What is a human face? Shortly, the human face plays a major role in interpersonal relations. In the last decades, neuroscience has shown even at the innermost level of description -that of neural assemblies and brain circuits—the quintessential relational nature of human beings as situated, feeling, and acting bodily selves (Gallese 2014). Indeed, the multi-layered nature of the self rests upon a basic or core level, described as bodily self. The sense of bodily self is built not only upon the neural mapping of specific parts of the body (Ionta et al. 2011), but also of facial body parts (Platek et al. 2008; Devue and Brédart 2011). The face is crucial for our sense of identity. A coherent representation of one's own face is formed and continuously updated, based on the congruent multisensory signals that are constantly experienced and integrated (see Schneider and Carbon 2021). The relevant role of multisensory integration underlying the plasticity of the bodily self and of the way we experience it has been extensively demonstrated by bodily illusions that can temporarily change our body experience, as revealed by the Rubber Hand Illusion (Botvinick and Cohen 1998; Lenggenhager et al. 2007). The same occurs with our face representation, as revealed by the Enfacement Illusion (Tsakiris 2008; Sforza et al. 2010).
In the Enfacement Illusion (EI) (Sforza et al. 2010), participants are synchronously touched on the same part of the face as another person standing in front of them and have the impression of seeing themselves in the mirror and feeling on their own face the tactile stimuli observed on the other person's face. These experiences are accompanied by a misattribution of the others' facial features to the self-face in self-other discrimination and recognition tasks (Tsakiris 2008; Sforza et al. 2010). Thus, not differently from other body parts, our face experience is porous and malleable.
Due to its centrality for social relations and self-identity, for social recognition and cooperation, the human face has been the target of an impressive amount of empirical research in a variety of scientific disciplines, like developmental psychology, social psychology, and neuroscience. Not surprisingly, the human face has also been an important topic of visual art, with the progressive development of portraits and self-portraits, and the object of theoretical speculations in the humanities.
Here we want to focus on the empirical investigation of how the face is perceived and evaluated in artistic portraits and self-portraits from the XVth to the XVIIth century, presenting the results of experiments from our lab. What is proposed enables to shed new light on basic issues related to face perception and, at the same time, it contributes to the theoretical debate on the aesthetics of the human face.

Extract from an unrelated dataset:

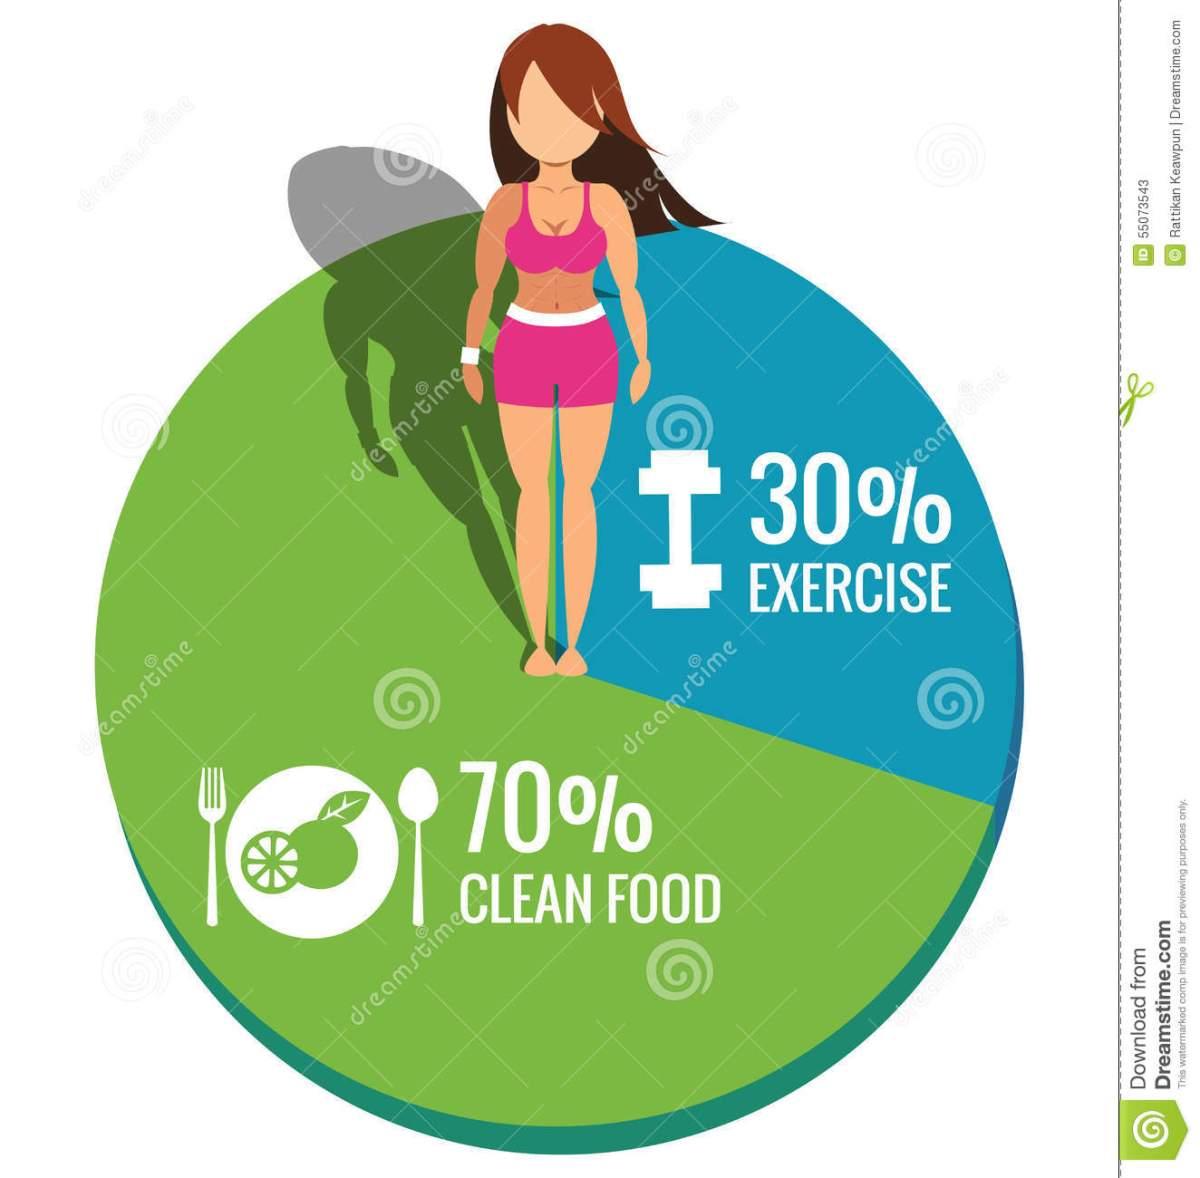 Eating vs. Exercise

To do so, the crucial role played by the human face in social cognition is introduced, starting from development, showing that neonatal facial imitation and face-to-face dyadic interactions provide the grounding elements for the construction of intersubjective bonds. The neuroscience of face perception is concisely presented and discussed, together with the psychophysics evidence on face perception and its gaze exploration, introducing the notions of the left visual field advantage and the left gaze bias. Finally, experiments on artistic portraits and self-portraits and their results (Siri 2020; Siri et al. 2020) are presented and discussed. It is concluded that neuroscience and experimental aesthetics can contribute to better understand the human face, and to better understand ourselves.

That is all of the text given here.